▸ **Task**:
Under this line are records; the part from the line containing "Milly Black Leather Shoulder Bag" through the line containing "Panorámica mirando hacia" should be repeated exactly. Please exclude pictures.
::: Material provided :::
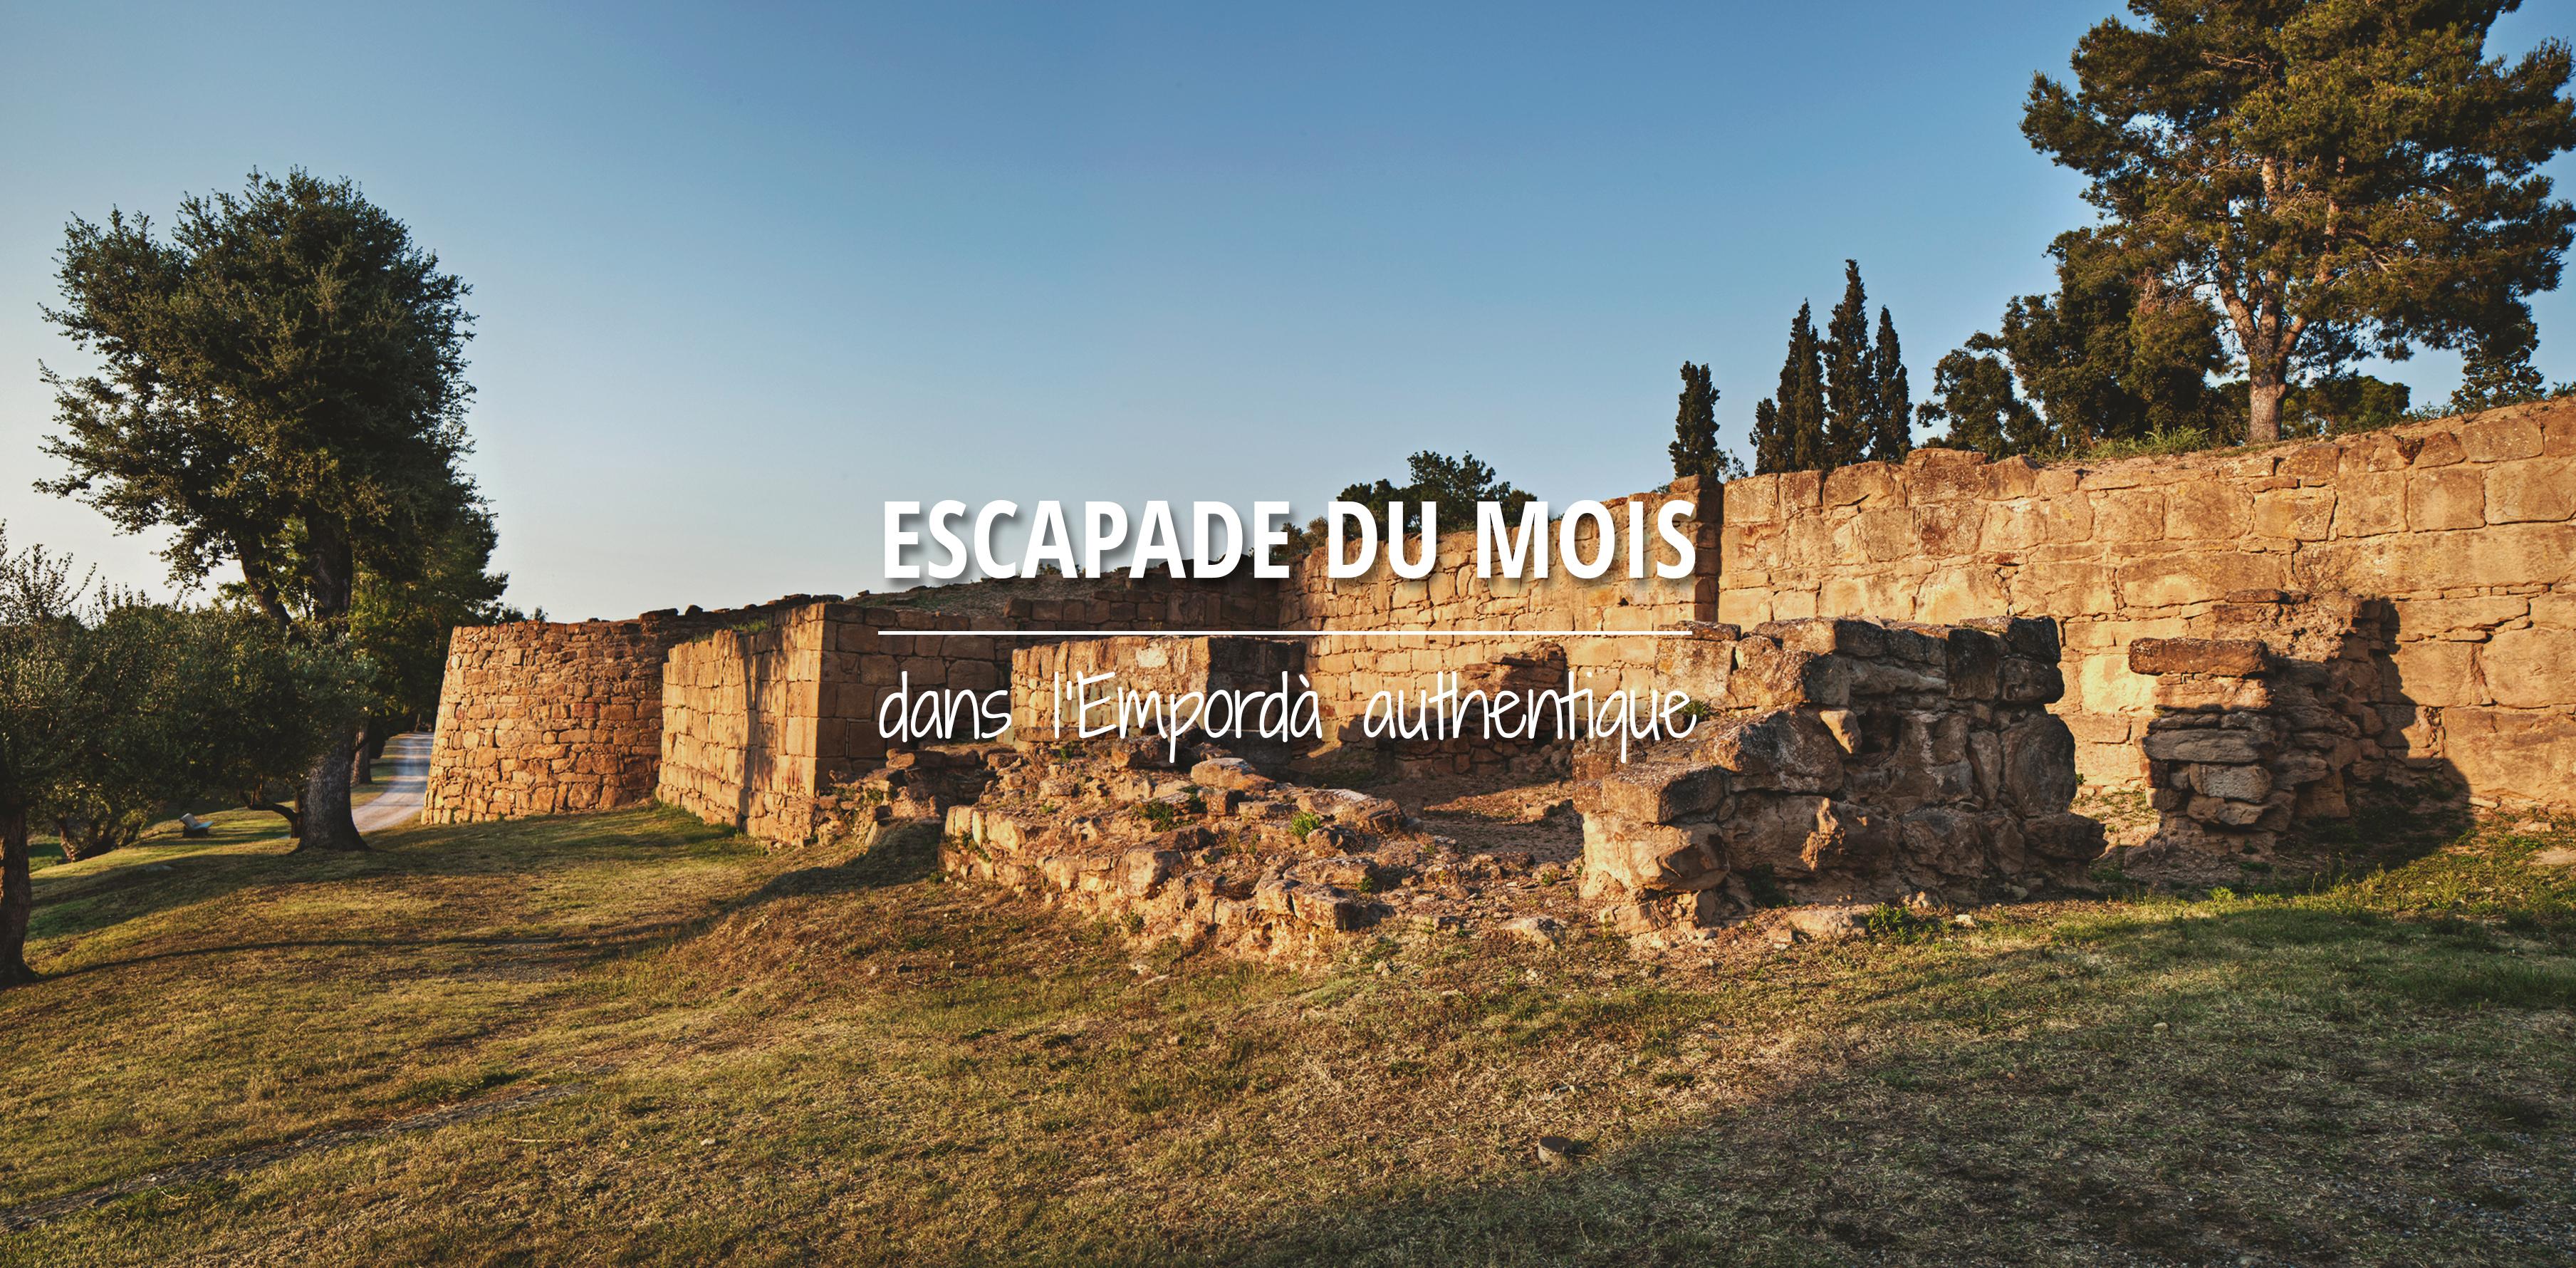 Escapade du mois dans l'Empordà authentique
:::
::: Material provided :::
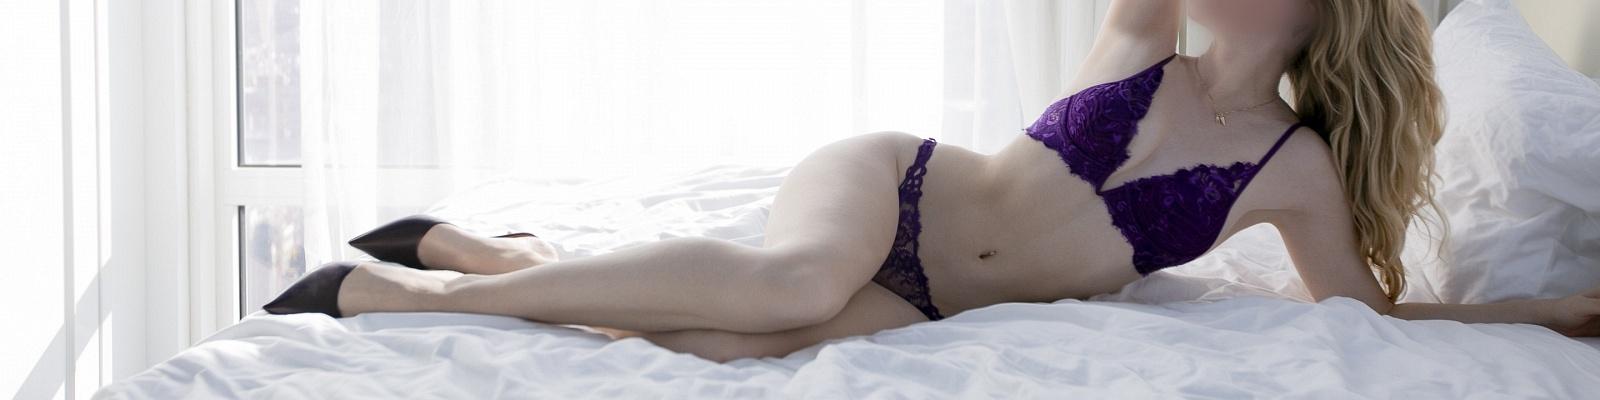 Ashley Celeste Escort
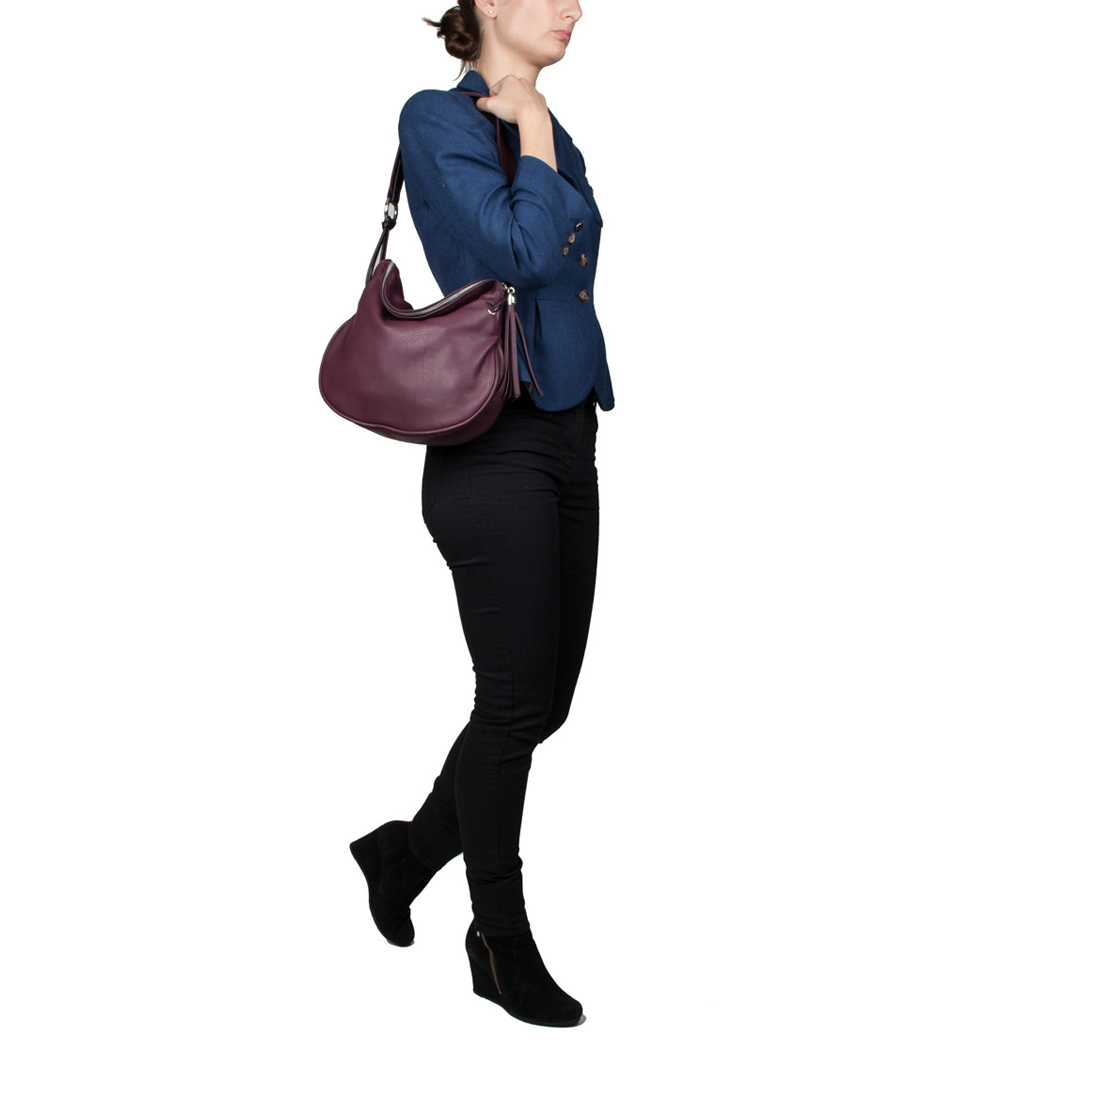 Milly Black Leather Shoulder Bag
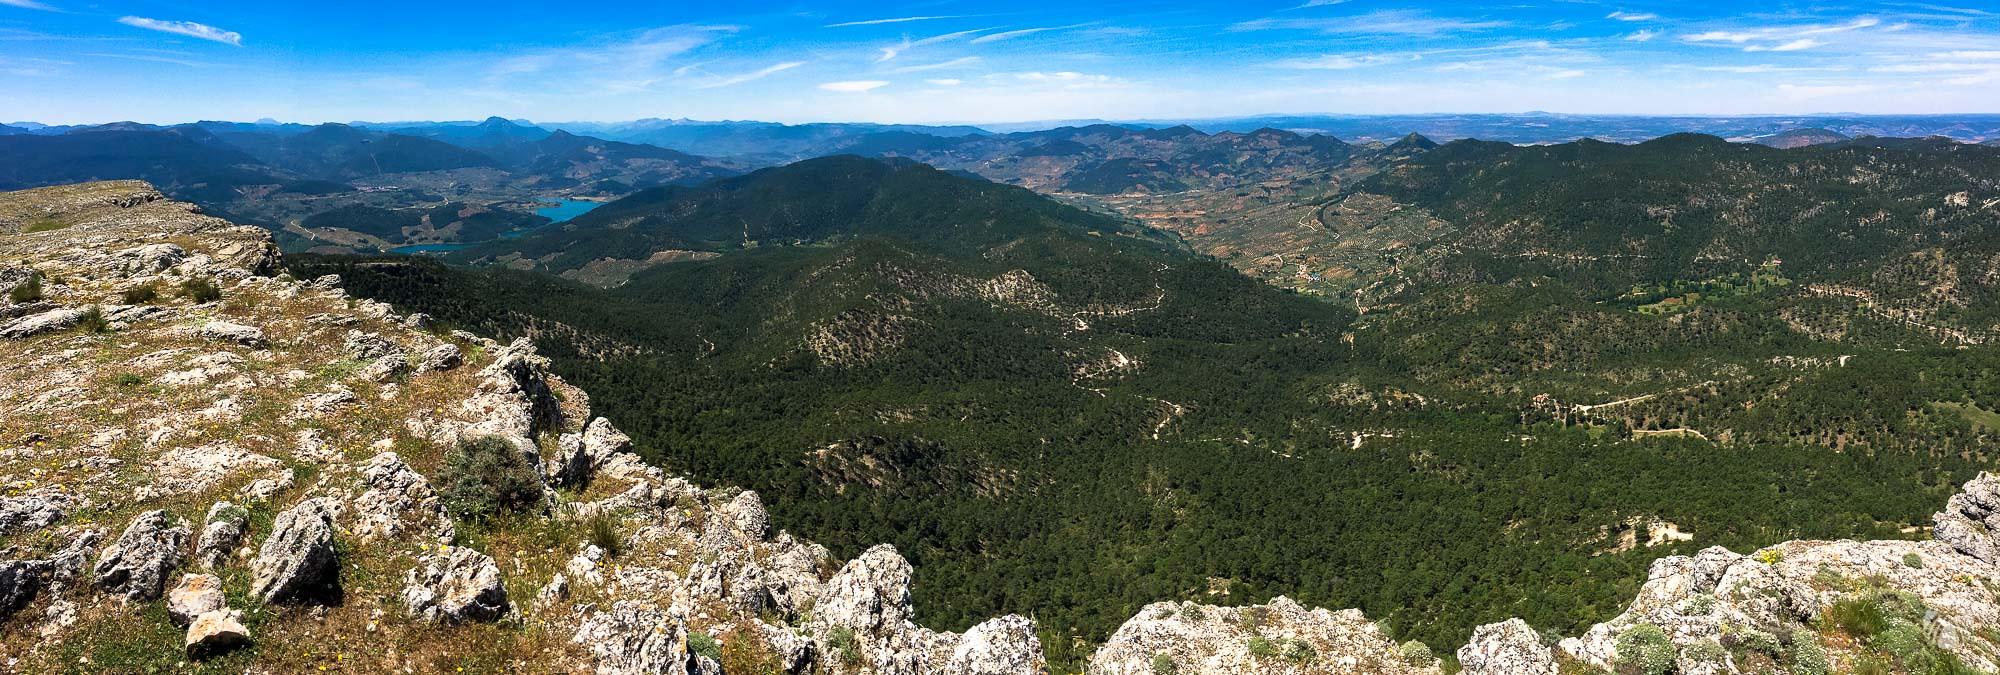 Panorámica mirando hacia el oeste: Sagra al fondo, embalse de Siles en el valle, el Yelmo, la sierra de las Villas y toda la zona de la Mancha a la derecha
:::
▸ **Response area**:
 Milly Black Leather Shoulder Bag
 Panorámica mirando hacia el oeste: Sagra al fondo, embalse de Siles en el valle, el Yelmo, la sierra de las Villas y toda la zona de la Mancha a la derecha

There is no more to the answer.